My question is one that I have been looking for an answer for a few weeks hopefully someone here knows or has a good Idea.  When growing outside there is obviously ditchweed around and some will be males.  How far can the pollen go and pollenate a female?  I will walk around and knock down as much of the ditchweed as I can but how far can the poleen fly.  I have alot of land and think it is impossible to kill all of the wild pot plants but can do a good job in a circle around my plants.  How far should I go in a circle though?  Hope someone understands what Im getting at.


----------



## 85cannabliss (Jun 4, 2007)

miles mate, it just takes the right wind and away it goes. dont have a deffinate distance, but i would say about 100 yards or so.


----------



## Firepower (Jun 4, 2007)

DUDE  you just mentioned one of my perfect dreams of me waking up with a bong in the middle of a field full of weed!!  WOW...  where do you live man?
i need to camp there one day.!!!


----------



## Kindbud (Jun 4, 2007)

lol their is alot of weed in my woods cuz its mine lmao


----------



## Firepower (Jun 5, 2007)

Seriously i honestly cant imagine a backyard where i could get lost in cornfield but with marijuana plants instead, OMG can you imagine the smell of that at sunrise?/   :fly: :fly::fly::fly::fly::fly:


----------



## 85cannabliss (Jun 5, 2007)

mmmmmmmmmmmmmmm, weed!


----------



## TheStickyIcky (Jun 5, 2007)

So theres just like weed growing everywhere? lol.
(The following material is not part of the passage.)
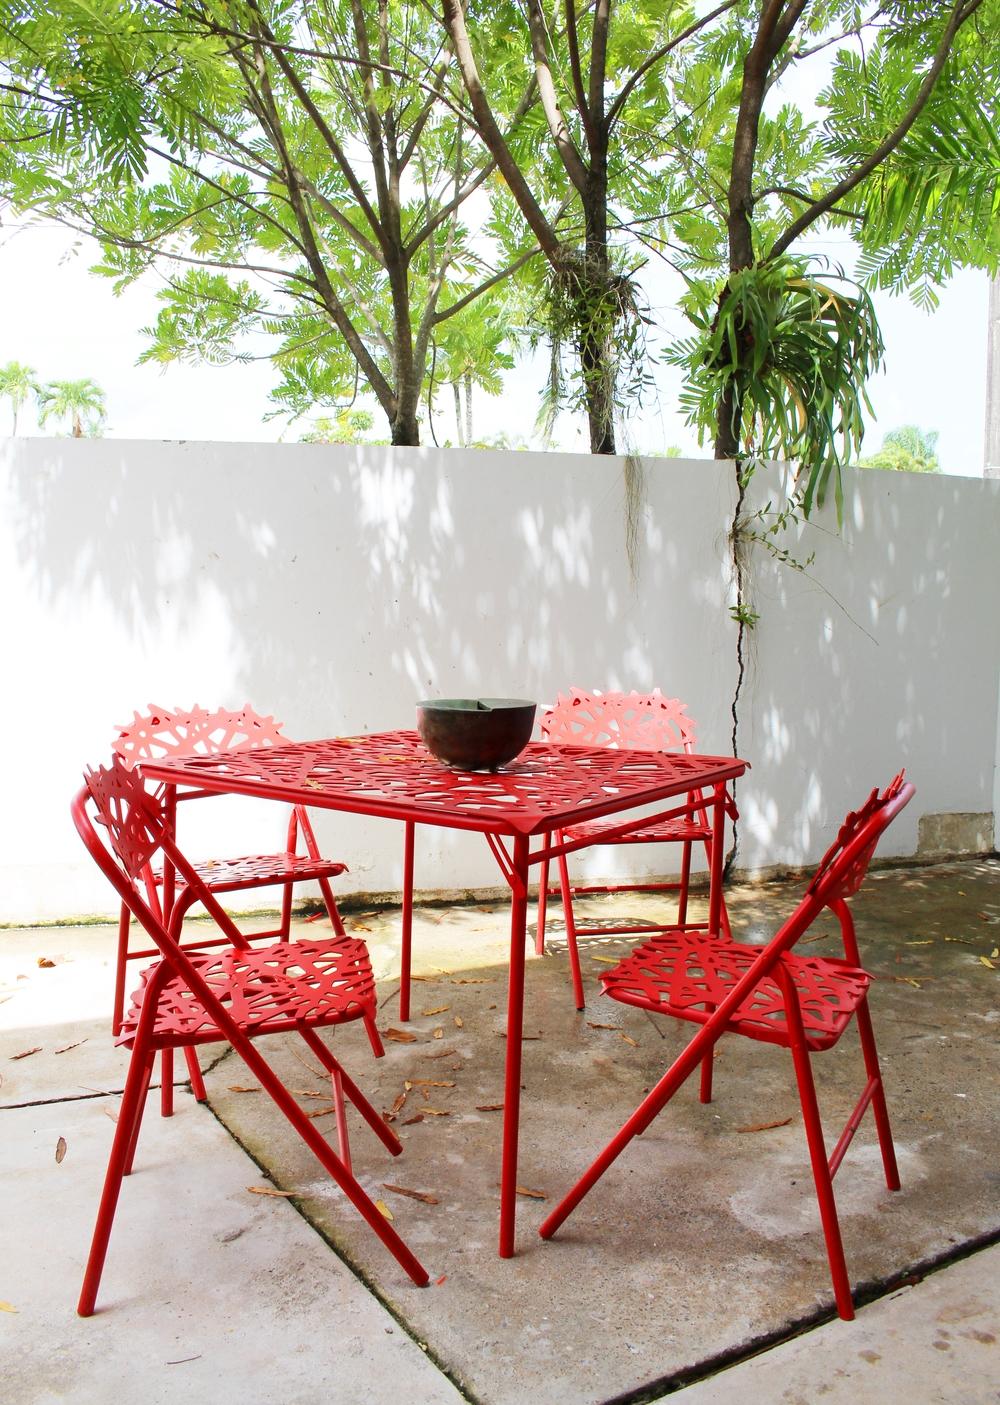 Maria-Brito_Puerto_Rico-28.jpg

Awesome.


----------



## 85cannabliss (Jun 5, 2007)

go out next year and cut all the males and you got yourself lots of sensi for free. thats what i would do. sounds like you could get alot of smokeoutta it


----------



## MergeLeft (Jun 5, 2007)

That's where I'm headed- to the land where mj grows free as ditchweed. lol, here somebody would pull it up bag it & sell it!:laugh:


----------



## Kindbud (Jun 5, 2007)

Firepower said:
			
		

> Seriously i honestly cant imagine a backyard where i could get lost in cornfield but with marijuana plants instead, OMG can you imagine the smell of that at sunrise?/ :fly: :fly::fly::fly::fly::fly:


 
lol i could have a corn feild full of plants i have the land but not the guts lol


----------



## tanksta (Jun 5, 2007)

Ok Im glad everyone has responded but this stuff I call ditchweed is called that for a reason.  It doesnt even compare to shwag.  It is bottom of the totempole of MJ.  It is basicly ****.  But it is still an MJ plant that can pollenate other female plants.  These are thick woods and I,d like to walk around as little as possible.  Just wanted to know if anyone actually knew how far pollen is capable of floating in the breeze.  Thanx


----------



## Kupunakane (Jun 6, 2007)

We have always had it growing around in the fields, but it is more of the hemp variety, but the name ditch weed sounds perfectly discriptive to me. Also honey bees can polinate in a 5 to 10 mile circle, or in other words draw a straight line mentally to say the North of where your babies are, and that would be called the radial line, now at the far end of that line draw a circle going around you either clockwise or counter-clockwise untill you have gone full circle, that would be the circumference, and a large area right ? any outdoor males within that area can polinate just with the bees help so yeah, it can be problematic. Hope that didn't dampen yout spirits though.
smoke in peace
KingKahuuna


----------



## MergeLeft (Jun 6, 2007)

tanksta said:
			
		

> Ok Im glad everyone has responded but this stuff I call ditchweed is called that for a reason. It doesnt even compare to shwag. It is bottom of the totempole of MJ. It is basicly ****. But it is still an MJ plant that can pollenate other female plants. These are thick woods and I,d like to walk around as little as possible. Just wanted to know if anyone actually knew how far pollen is capable of floating in the breeze. Thanx


 
Sounds like the stuff we got when I was in high school 30 years ago. 

But as to your pollination concern, moving around as little as possible would be a good idea, to avoid dragging the ditchweed pollen in to yout females on your clothes, etc. If it isn't a discovery concern, you should cut a clean path into your plants to avoid this.


----------